Experimental support for more recent versions of the standard can be enabled by using the -openmp:llvm switch instead of the -openmp switch. As of Visual Studio 2022 version 17.7, this includes most of the OpenMP 3.1 standard (except auto schedule, static class members in a threadprivate directive, constqualified types in firstprivate clause, and iterators). Implementation of loop collapse in parallel for loops conforms to the OpenMP 5.2 standard. Read More.

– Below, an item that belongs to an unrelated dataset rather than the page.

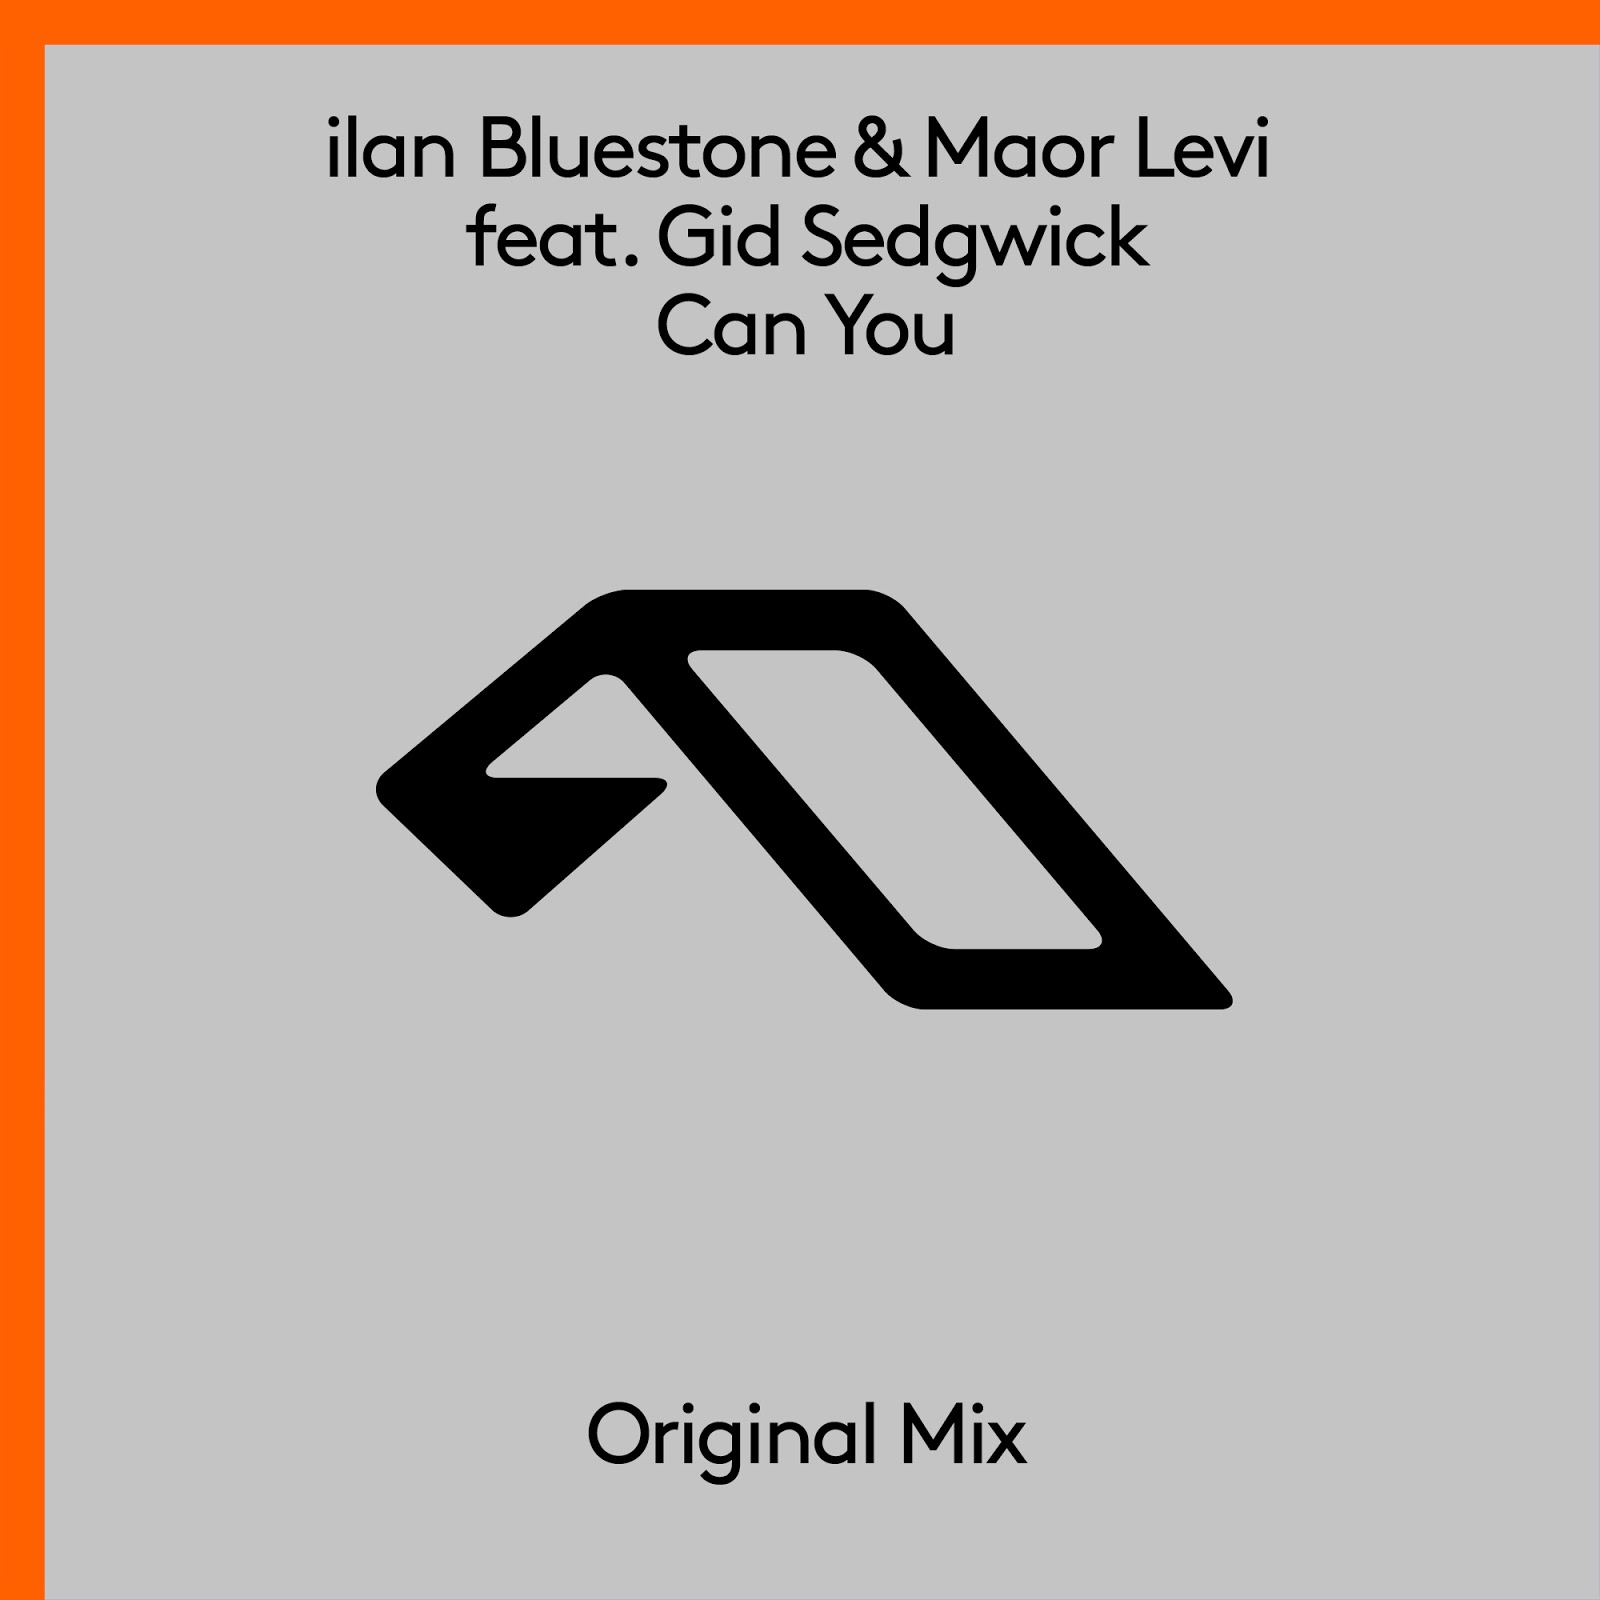 ilan Bluestone and Maor Levi feat. Gid Sedgwick presents Can You on Anjunabeats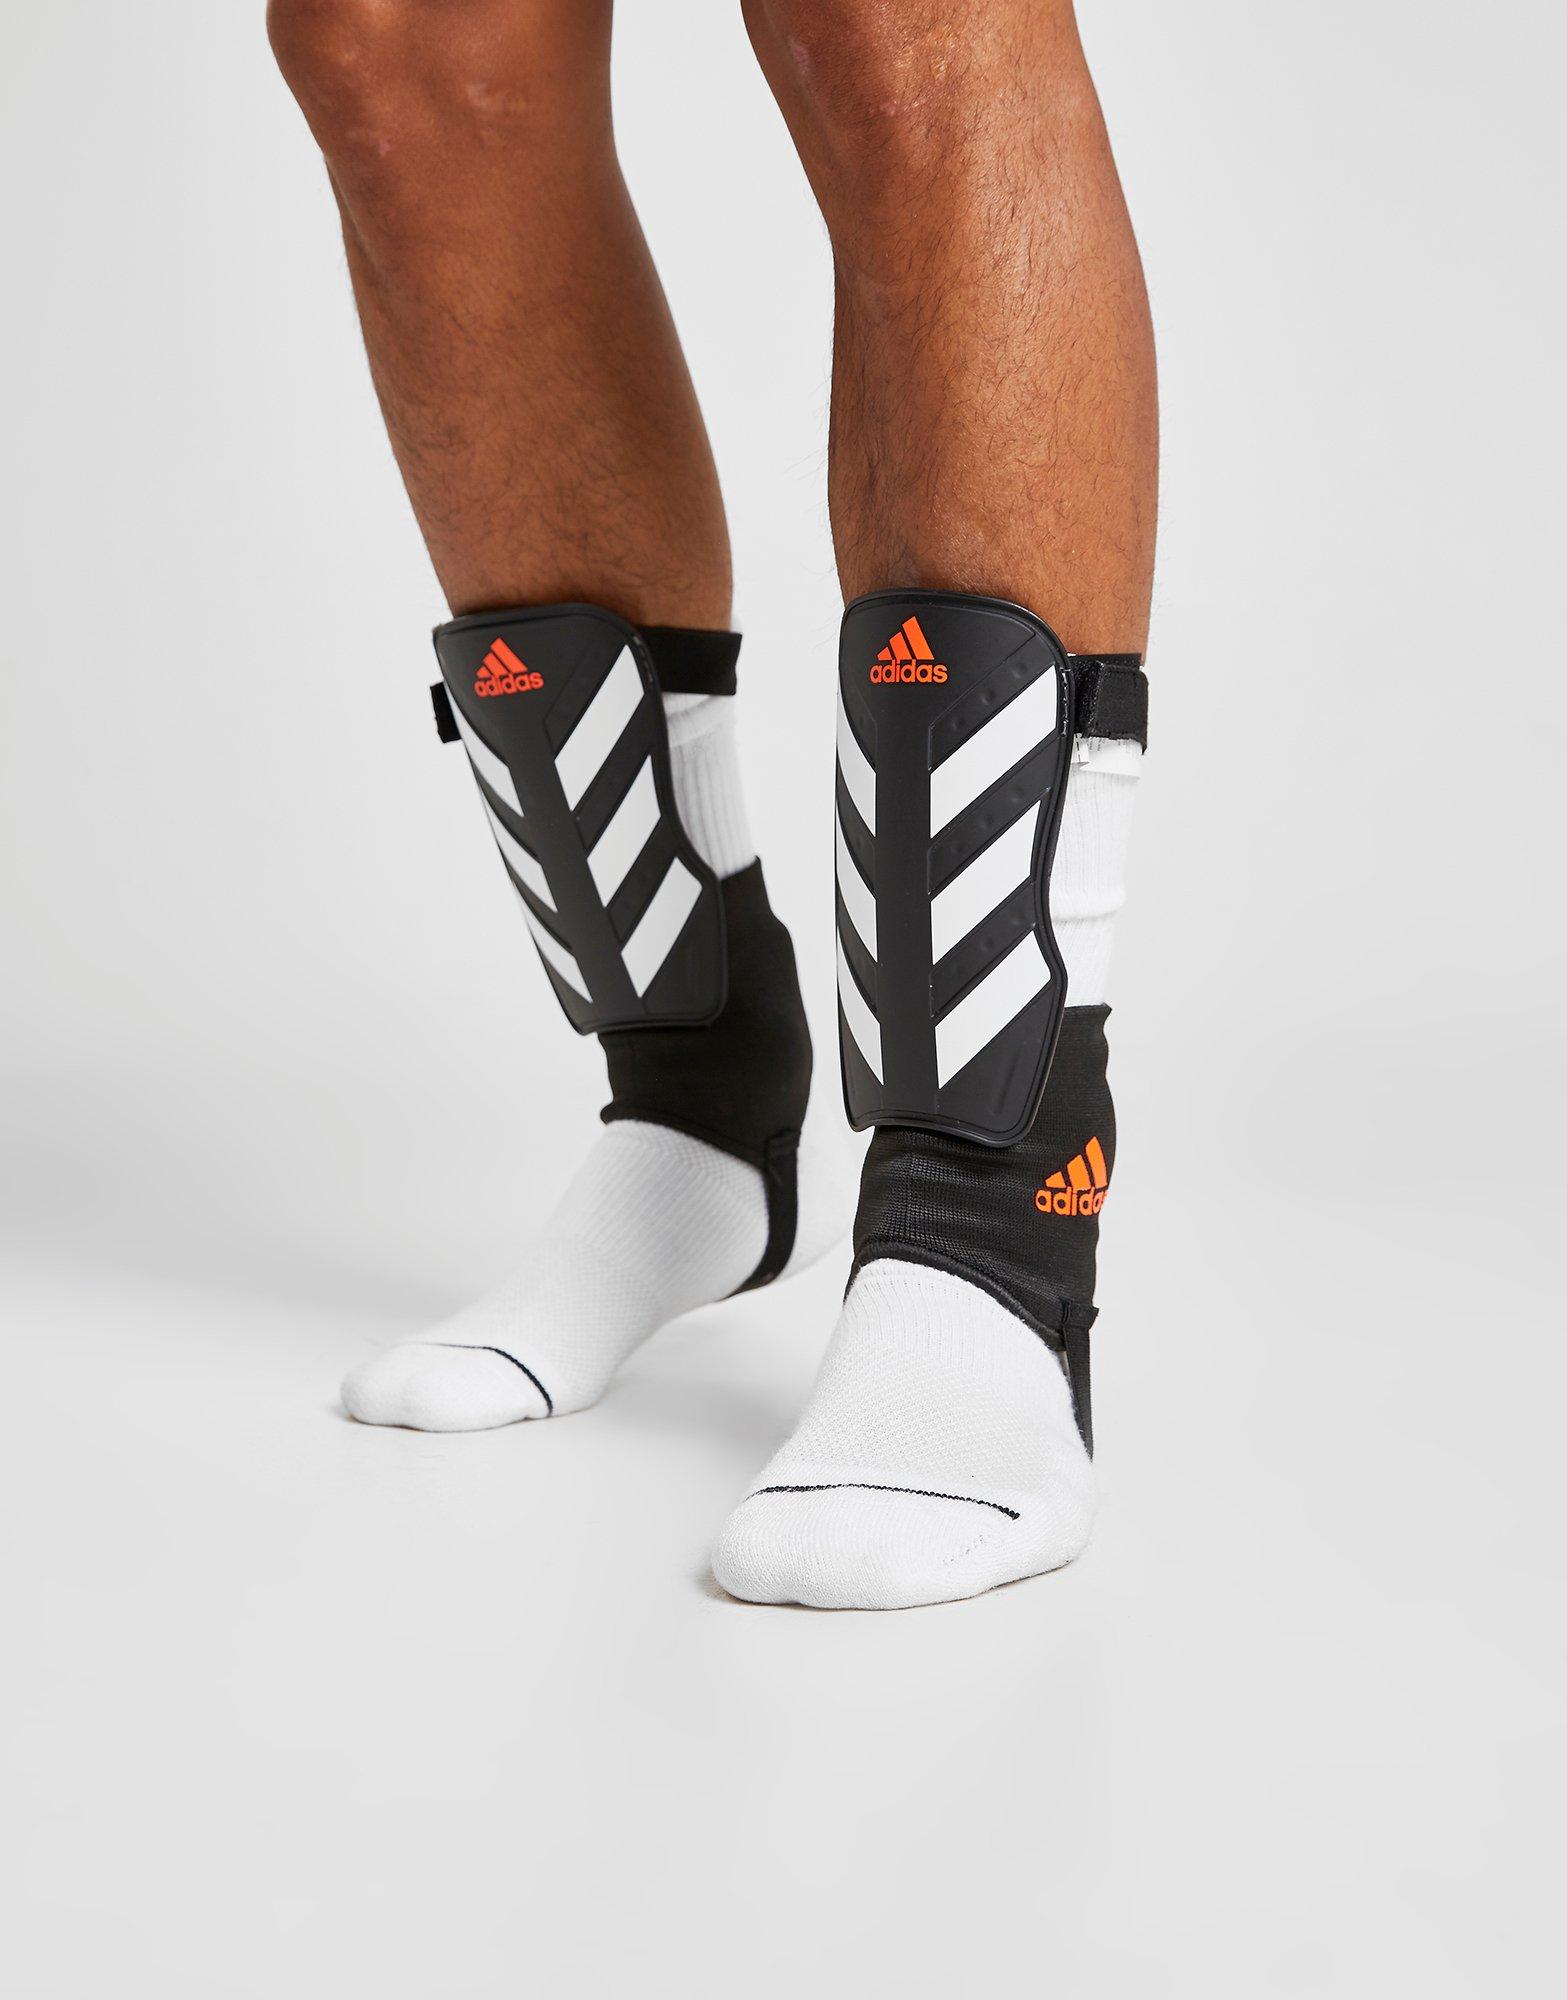 adidas shin guard socks

Support for the SIMD directives from the OpenMP 4.0 standard is enabled with the -openmp:experimental switch. Read More.
Nagfor – Fortran
NAG Fortran Compiler 7.2 (Release Note) supports x86 and x64, for Linux, Mac and Windows, Apple silicon Macs for MacOS, ARM for Linux, Partial support for OpenMP 4.0 and 4.5 is included in the initial release of 7.2. An update will follow in early 2024 to upgrade that to full support. Read More.
C/C++/Fortran
NVIDIA HPC Compilers support a subset of OpenMP 5.1 in Fortran/C/C++ on Linux/x86_64 and Linux/AAch64, and NVIDIA GPUs. Full support for OpenMP 3.1 in Fortran/C/C++ on Linux/x86_64 and Linux/AArch64. Compile with -mp to enable OpenMP for multicore CPUs on all platforms. Compile with -mp=gpu to enable target offload to NVIDIA GPUs. Read More.
C/C++/Fortran
The OpenUH 3.x compiler has a full open-source implementation of OpenMP 2.5 and near-complete support for OpenMP 3.0 (including explicit task constructs) on Linux 32-bit or 64-bit platforms. Read More & Download
C/C++/Fortran
Oracle Developer Studio 12.6 compilers (C, C++, and Fortran) support OpenMP 4.0 features. Compile with -xopenmp to enable OpenMP in the compiler. For this to work use at least optimization level -xO3, or the recommended -fast option to generate the most efficient code. To debug the code, compile without optimization option, add -g and use -xopenmp=noopt. Use the -xvpara option for static correctness checking and the -xloopinfo option for loop level messages. The latter is less comprehensive than the preferred er_src tool to get more detailed information on compiler optimizations. Add the -g option to the compile options to enable this and execute the command “er_src file.o” to extract the information. Read More
Pyjama research compiler – Java
Pyjama is a research compiler for OpenMP directives in Java developed by the Parallel and Reconfigurable Computing lab, University of Auckland. It supports most of the OpenMP Version 2.5 specification, corresponding to the Common Core. Beyond this, it supports advanced features, including GUI-aware directives and concepts and directives for OpenMP asynchronous event-driven programming as well as Java specific features like strong Exception handling, loops over iterators etc. It is based on a source-to-source compiler and a runtime library, both published Open Source. The Pyjama website provides Pyjama, examples, documentation and more. The source code is hosted at: https://github.com/ParallelAndReconfigurableComputing/Pyjama.
Tools
Vendor / Source
Tools/Language
Information
Codee – C/C++/Fortran
Codee is a programming development tool to help improve the performance of C/C++/Fortran applications on multicore CPUs and GPUs using OpenMP. Codee Static Code Analyzer provides a systematic predictable approach to enforce the parallel programming coding rules of the Open Catalog of Best Practices for Modernization and Optimization (https://github.com/codee-com/open-catalog). It also provides Coding Assistant capabilities to enable semi-automatic source code rewriting using OpenMP directives for vectorization, multithreading and offloading. Overall, it helps novice programmers write OpenMP codes at the expert level. Codee’s integrations with IDEs and CI/CD frameworks through standard data exchange file formats enabling optimization improvements earlier in the development cycle. Read More.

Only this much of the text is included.